[Start of section]

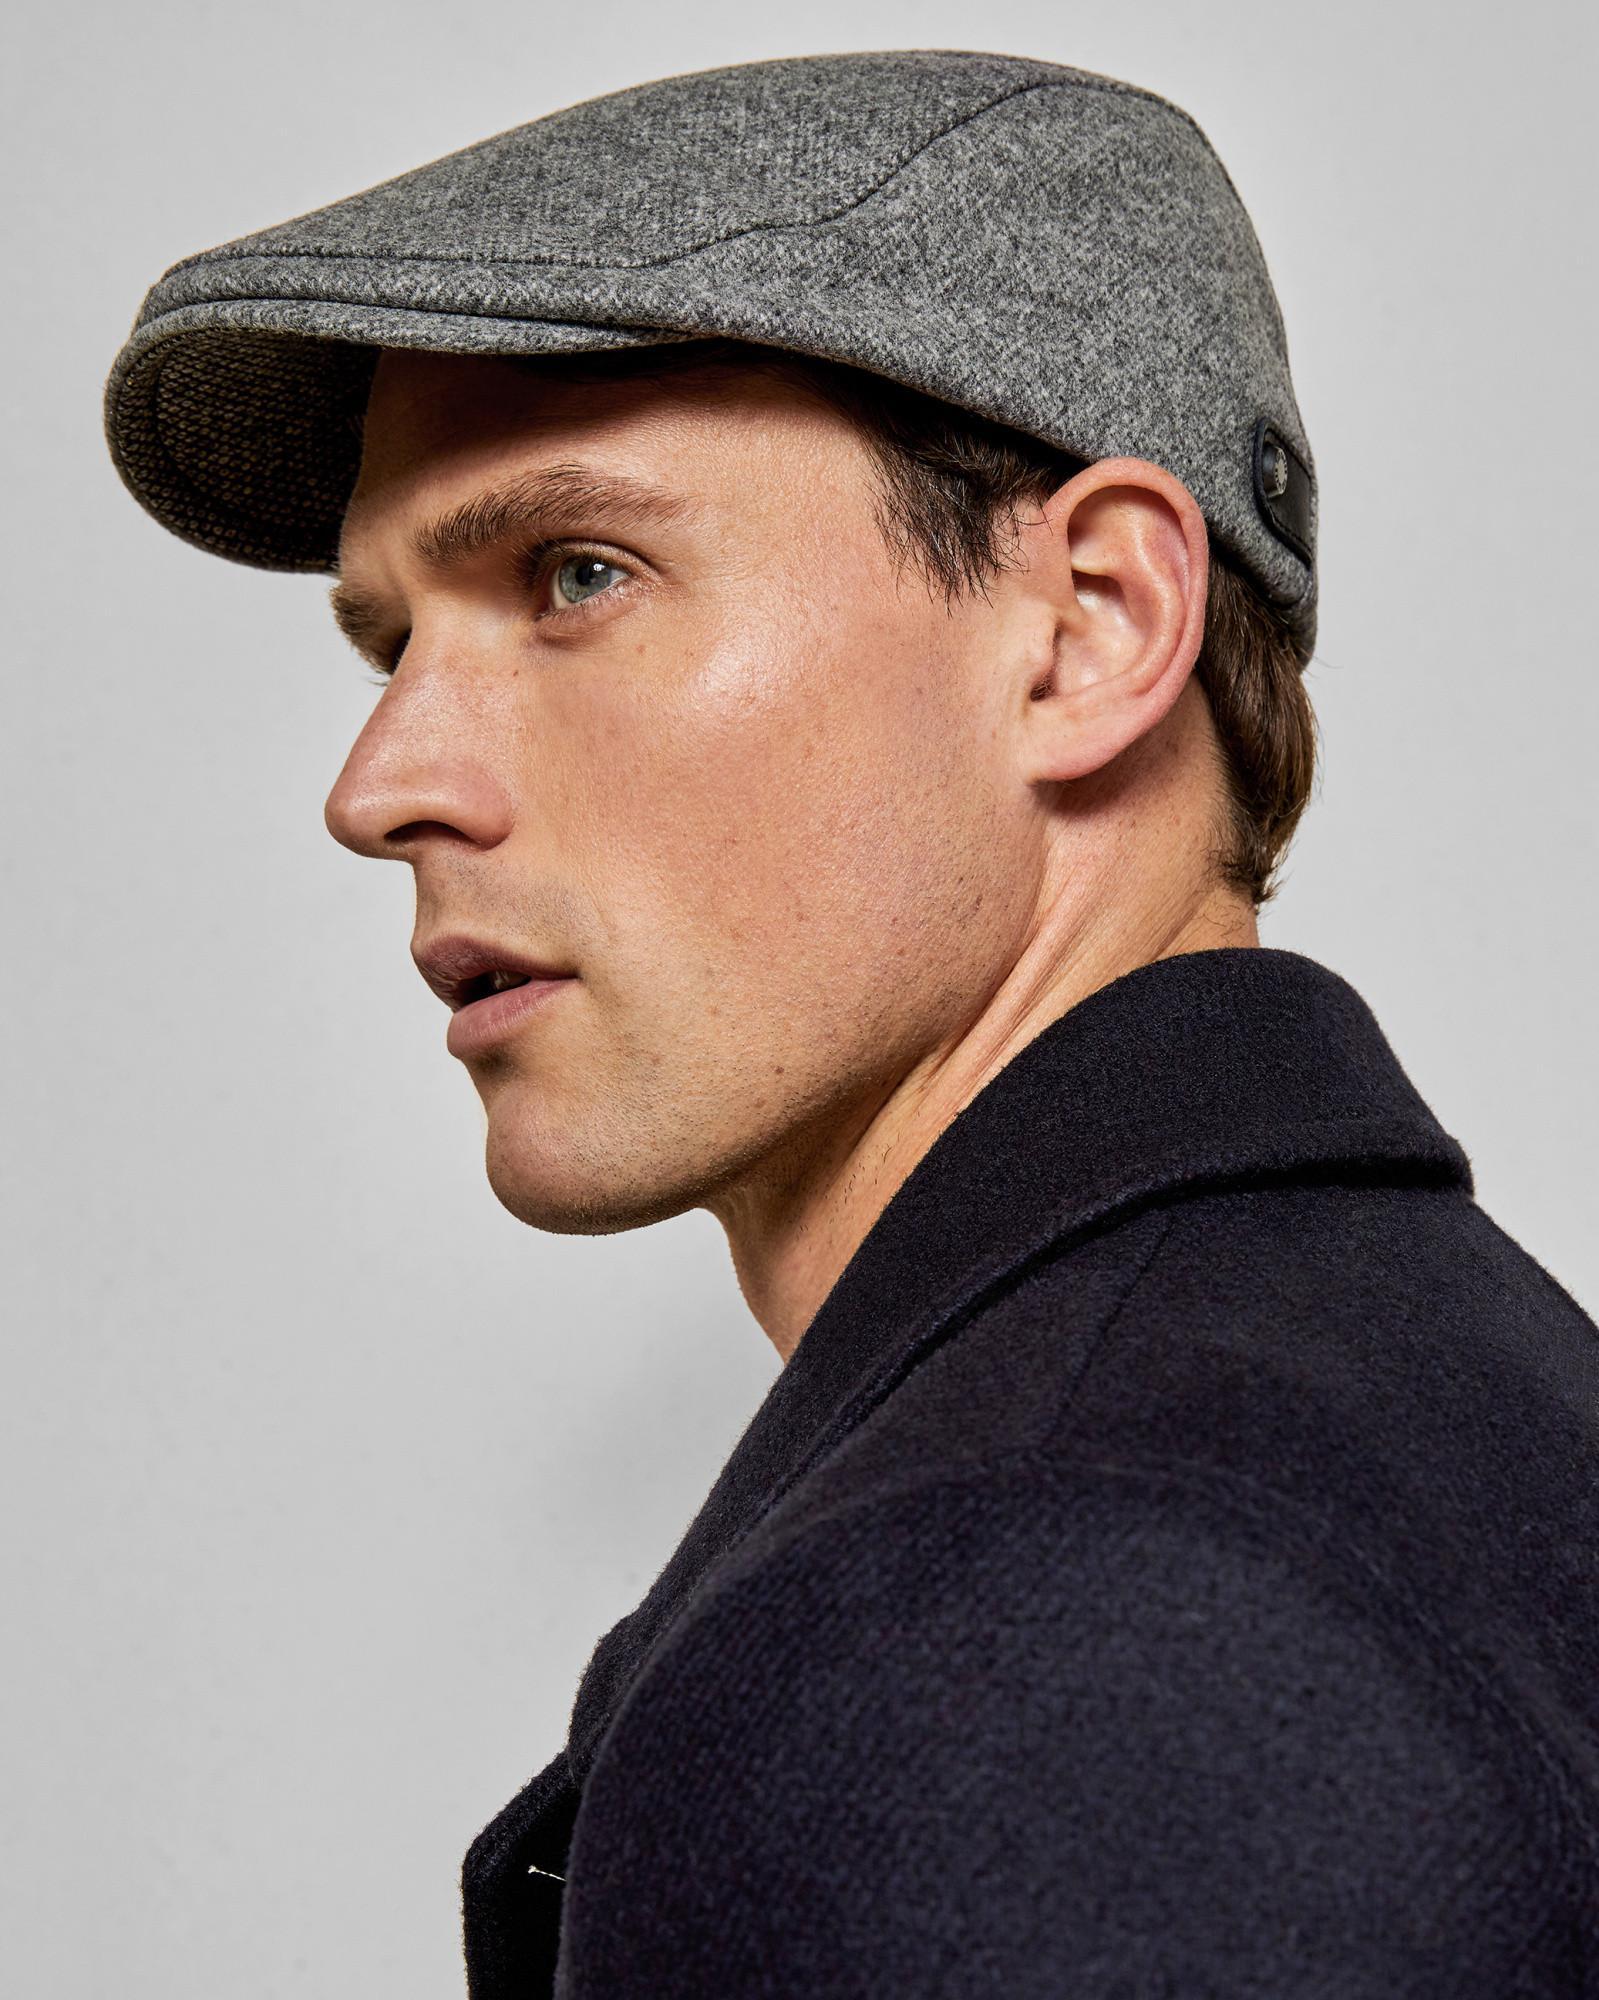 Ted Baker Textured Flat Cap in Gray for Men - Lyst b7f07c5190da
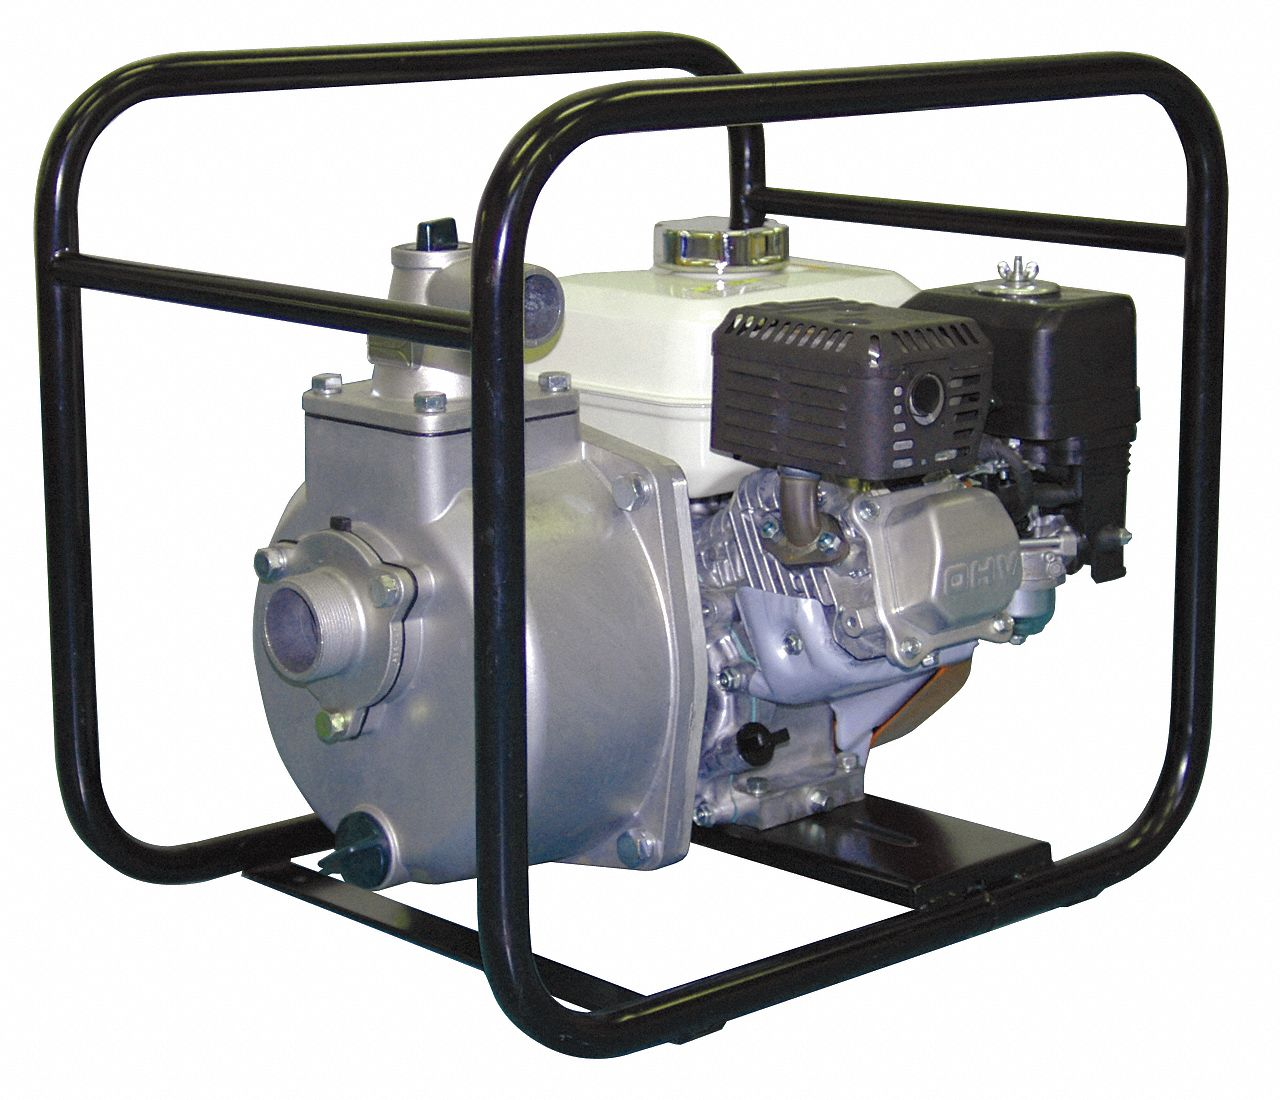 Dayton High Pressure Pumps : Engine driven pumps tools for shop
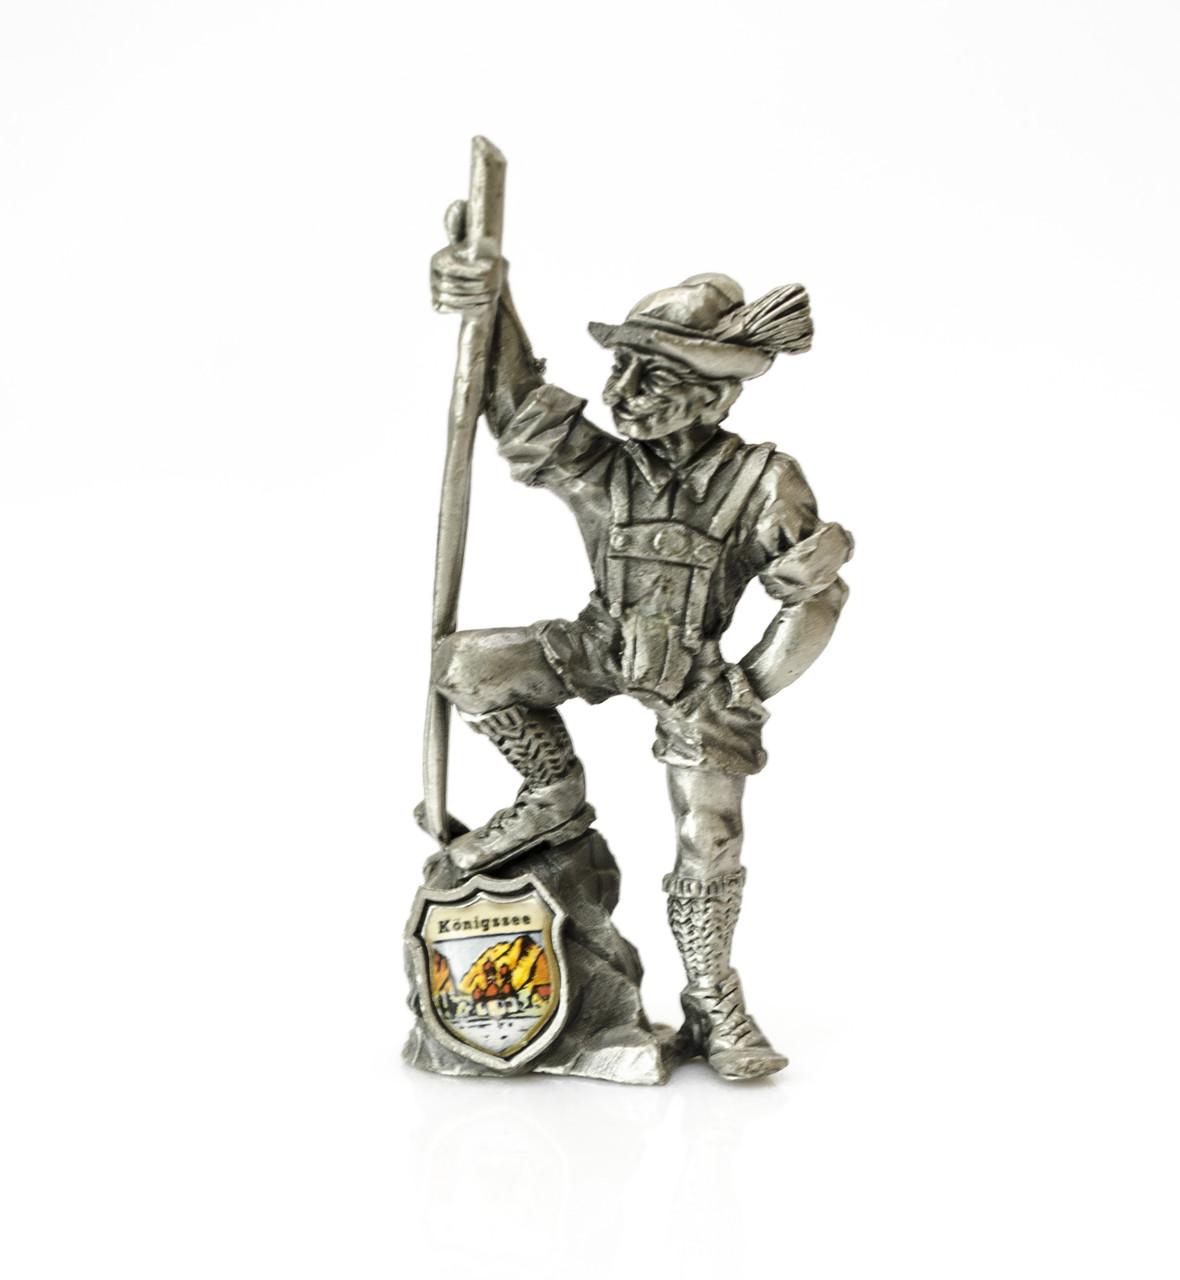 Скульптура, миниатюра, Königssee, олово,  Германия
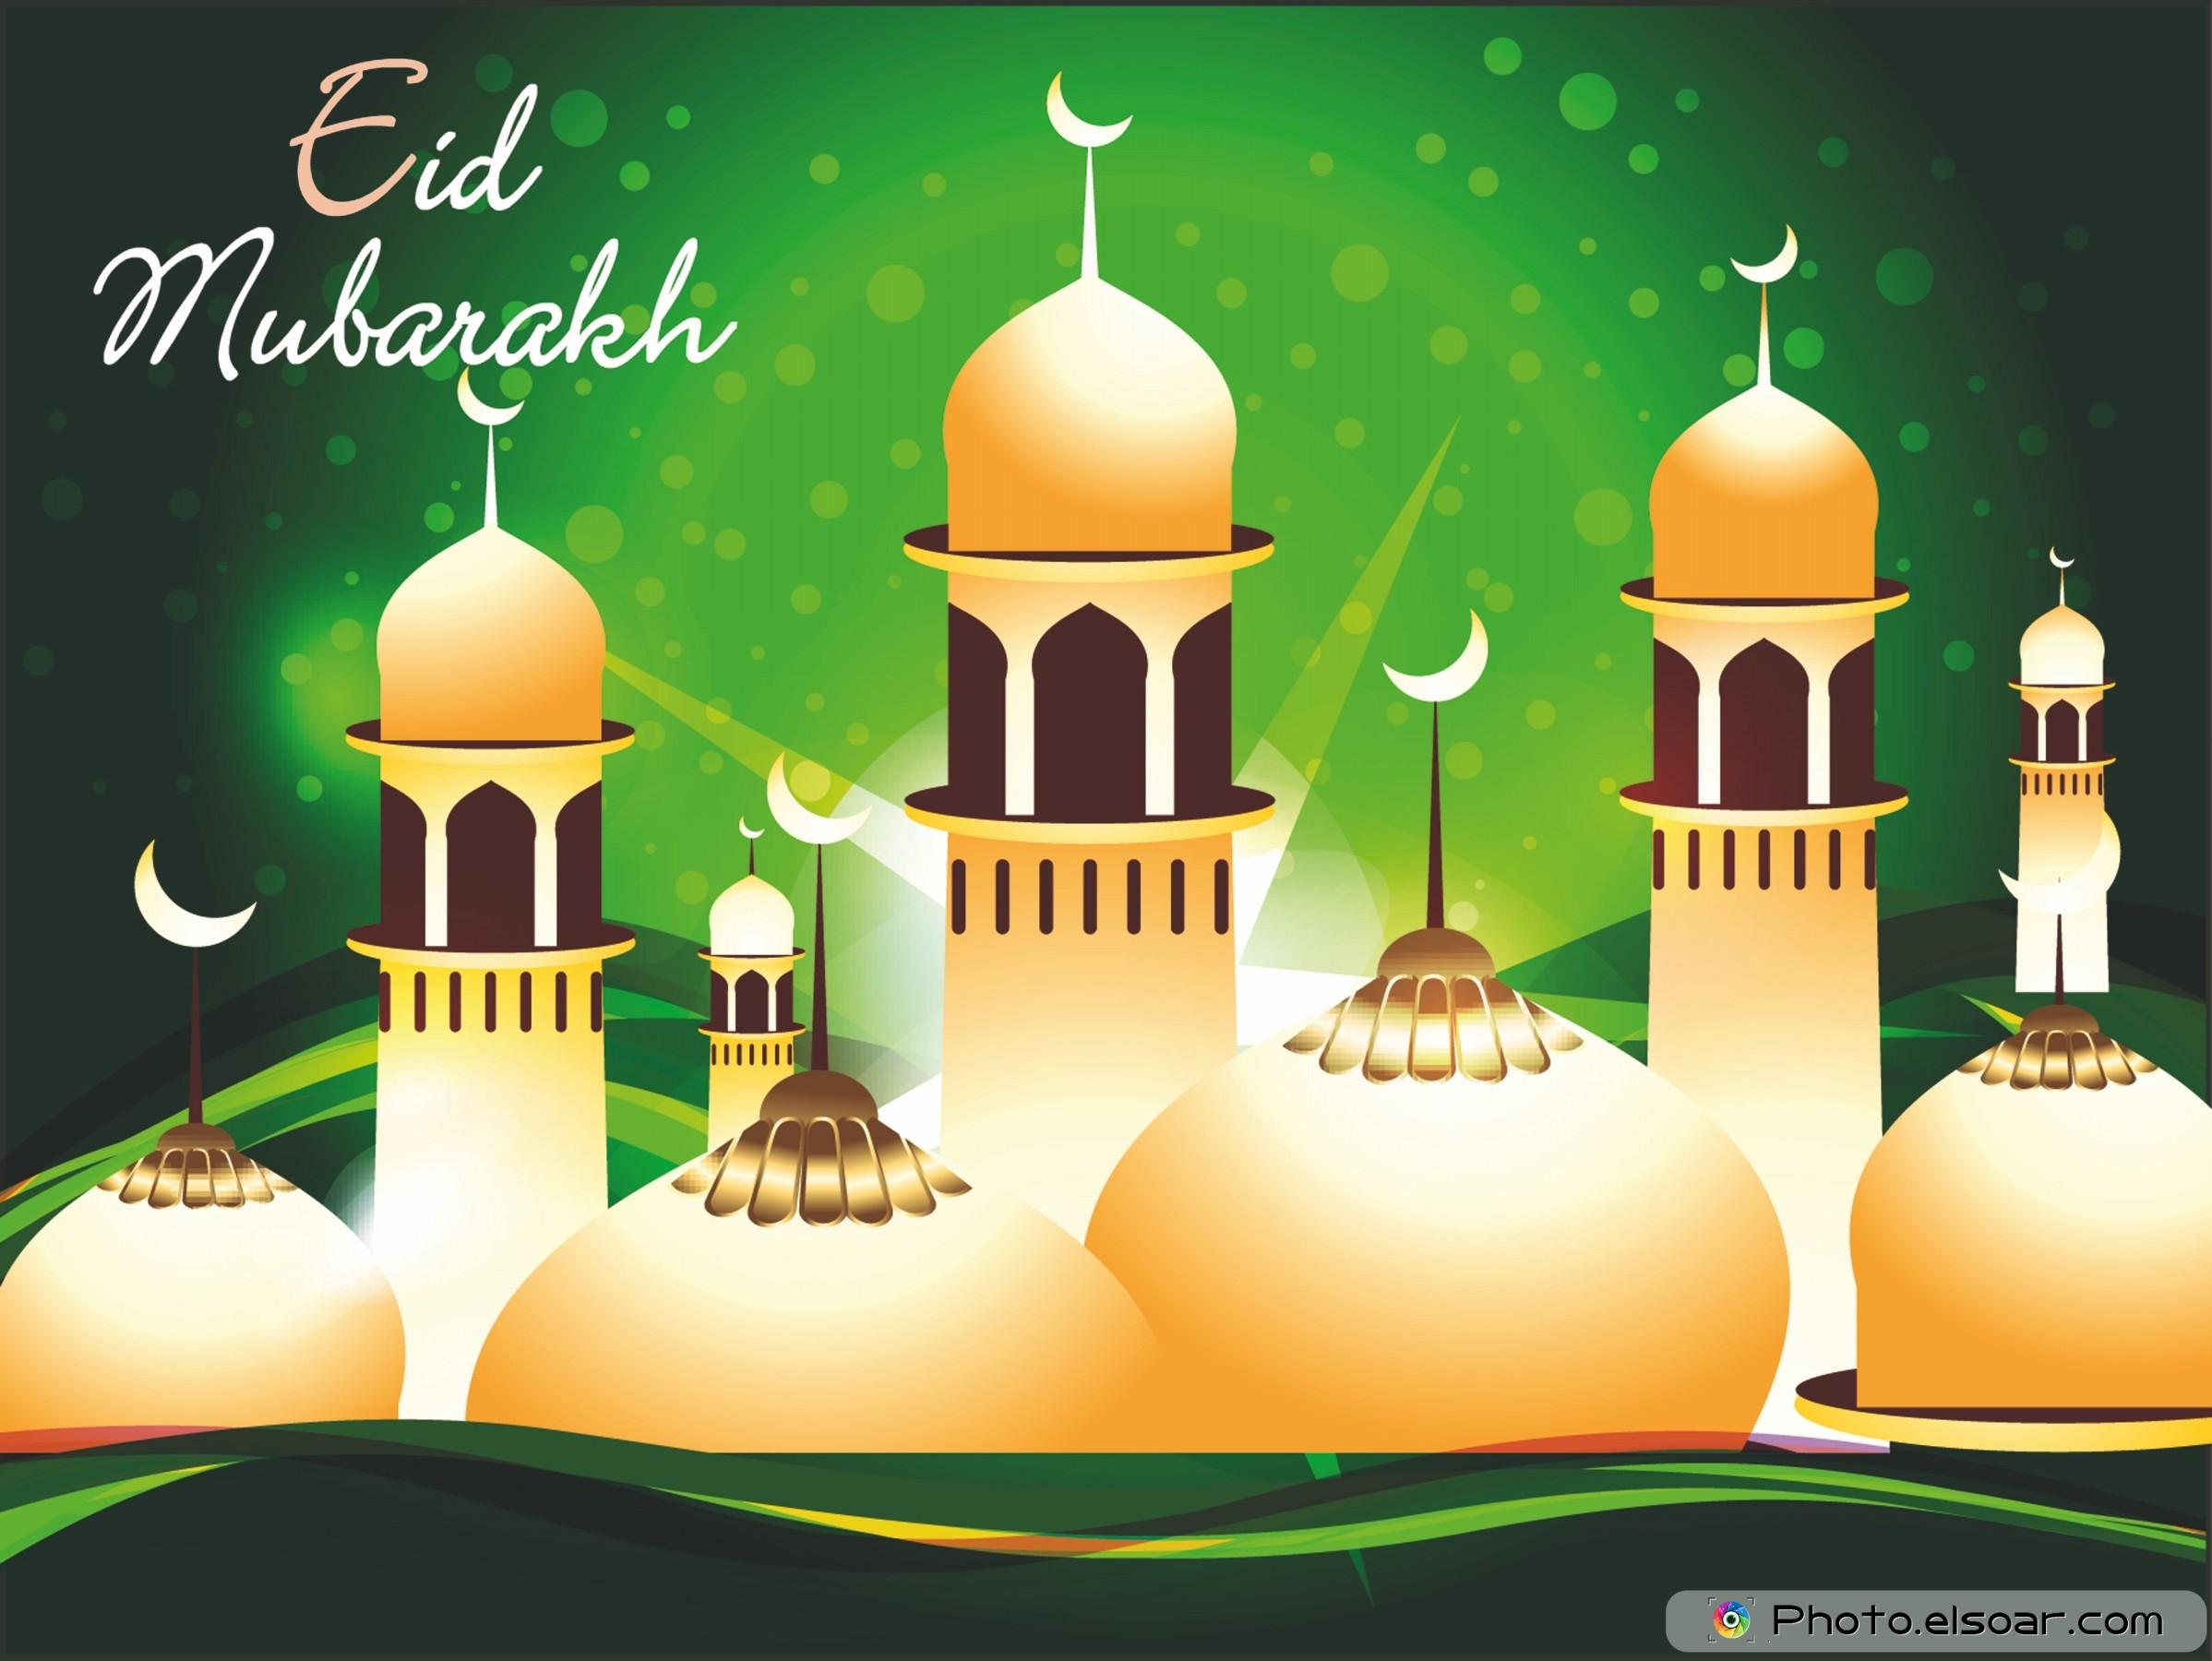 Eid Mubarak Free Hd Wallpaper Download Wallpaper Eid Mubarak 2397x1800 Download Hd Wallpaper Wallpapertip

[End of section]

Copy the listing above word for word. Do not include the pictures.

■ **Answer section**
 Ted Baker Textured Flat Cap in Gray for Men - Lyst b7f07c5190da
 Dayton High Pressure Pumps : Engine driven pumps tools for shop
 Скульптура, миниатюра, Königssee, олово,  Германия
 Eid Mubarak Free Hd Wallpaper Download Wallpaper Eid Mubarak 2397x1800 Download Hd Wallpaper Wallpapertip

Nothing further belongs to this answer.